Preoperative diagnostics were able to accurately predict resectability in almost 90% of patients which is substantially more than the corresponding results of both the EGGCS and the GGCS. In the future, more wide-spread use of EUS will play an increasing role as stage-dependent differentiation of therapeutic concepts gains acceptance. However, diagnostic accuracy of EUS needs to be improved. Our early postoperative outcome data demonstrate that the quality standard of gastric cancer care established by the EGGCS is being fulfilled at our institution in spite of distinct characteristics placing our patients at higher surgical risk.

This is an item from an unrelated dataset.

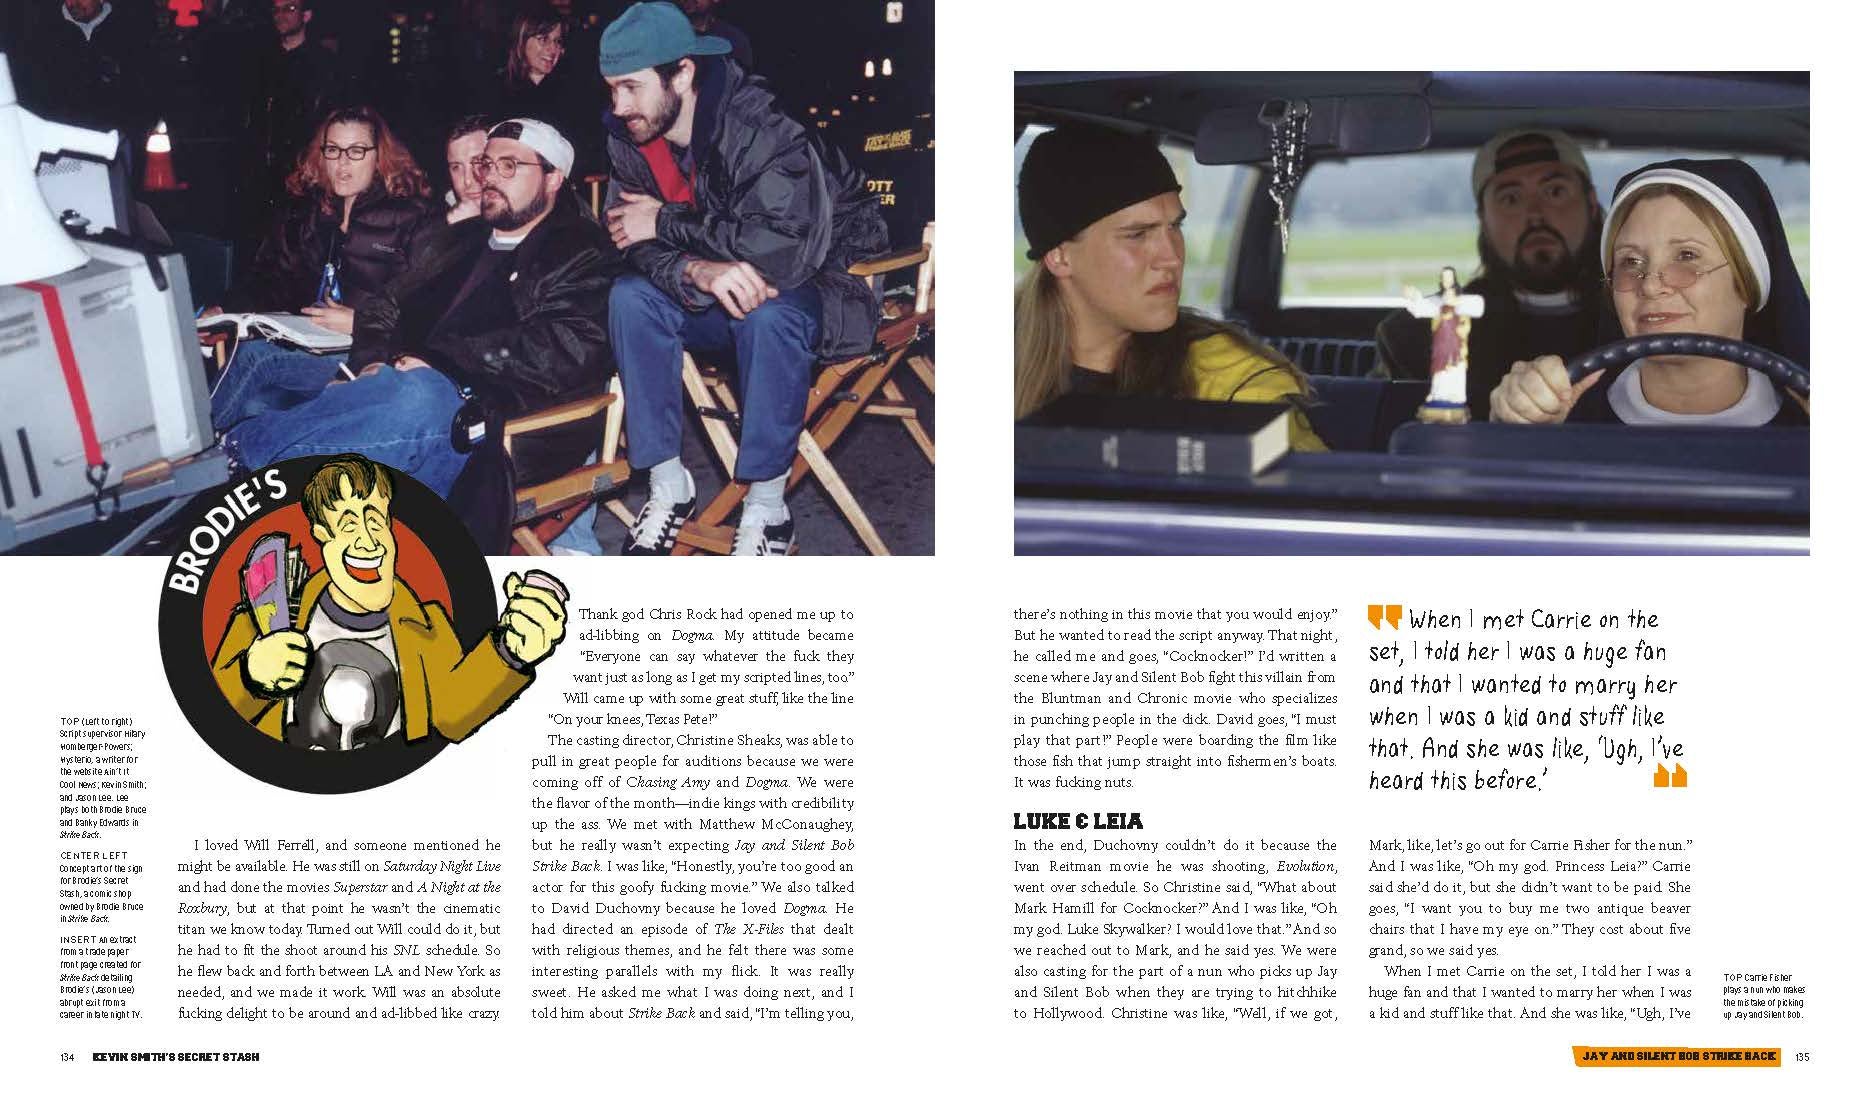 A few pages on Jay and Silent Bob Strike Back. (Image: Insight Editions)

Besides being a valuable instrument of internal quality control, our study provides a good base for comparison with ongoing analyses on future developments in gastric cancer therapy.

摘要

未标注

本研究的目的是在多模式治疗时代到来之前的常规临床护理条件下,分析某大学外科中心胃癌患者管理中的流行病学参数、治疗相关数据和预后因素。通过将我们的数据与多中心质量保证试验[德国胃癌研究 - GGCS(1992年)和东德胃癌研究 - EGGCS(2004年)]相关联进行分析,我们旨在为我们机构提供内部质量控制工具,并为未来考虑不断发展的(多模式)治疗方法的实施及其对治疗结果影响的分析提供比较基础。

材料与方法

对在特定10年期间在单一机构接受治疗的胃癌患者的前瞻性收集数据进行回顾性分析,并对术后早期结果的危险因素进行多变量分析。

结果

从1993年4月1日至2003年3月31日,共治疗了328例胃癌患者。与EGGCS队列相比,局部晚期和近端肿瘤患者的比例更高。272例患者(82.9%)接受了根治性手术;其中88.4%实现了R0切除(EGGCS/GGCS:82.5%/71.5%)。68.2%的患者接受了术前腔内超声检查(EUS)(EGGCS:27.4%);在研究期间接受EUS检查的患者比例有所增加。EUS对T分期的诊断准确率为50.6%(EGGCS:42.6%)。77.2%有根治性手术意向的手术患者接受了胃切除术(EGGCS/GGCS:79.8%/71.1%)。食管空肠吻合口漏的发生率略高于EGGCS(5.9%)和GGCS(7.2%)(8.8%);然而,与多中心质量保证研究结果(EGGCS发病率45%;EGGCS/GGCS死亡率8%/8.9%)相比,术后发病率(36.1%)和术后早期死亡率(5.3%)并未增加。72.6%的病例进行了D2淋巴结清扫(EGGCS:70.9%)。多变量分析显示脾切除术是术后发病的独立危险因素,ASA状态3或4是术后早期死亡的独立危险因素。在研究期间,胃癌手术中进行脾切除术的比例大幅下降。

结论

术前诊断能够在近90%的患者中准确预测可切除性,这大大高于EGGCS和GGCS的相应结果。未来,随着治疗概念的分期依赖性分化得到认可,更广泛地使用EUS将发挥越来越大的作用。然而,EUS的诊断准确率需要提高。我们的术后早期结果数据表明,尽管我们的患者具有使手术风险更高的明显特征,但我们机构仍达到了EGGCS确立的胃癌护理质量标准。除了是内部质量控制的宝贵工具外,我们的研究为与正在进行的胃癌治疗未来发展分析进行比较提供了良好基础。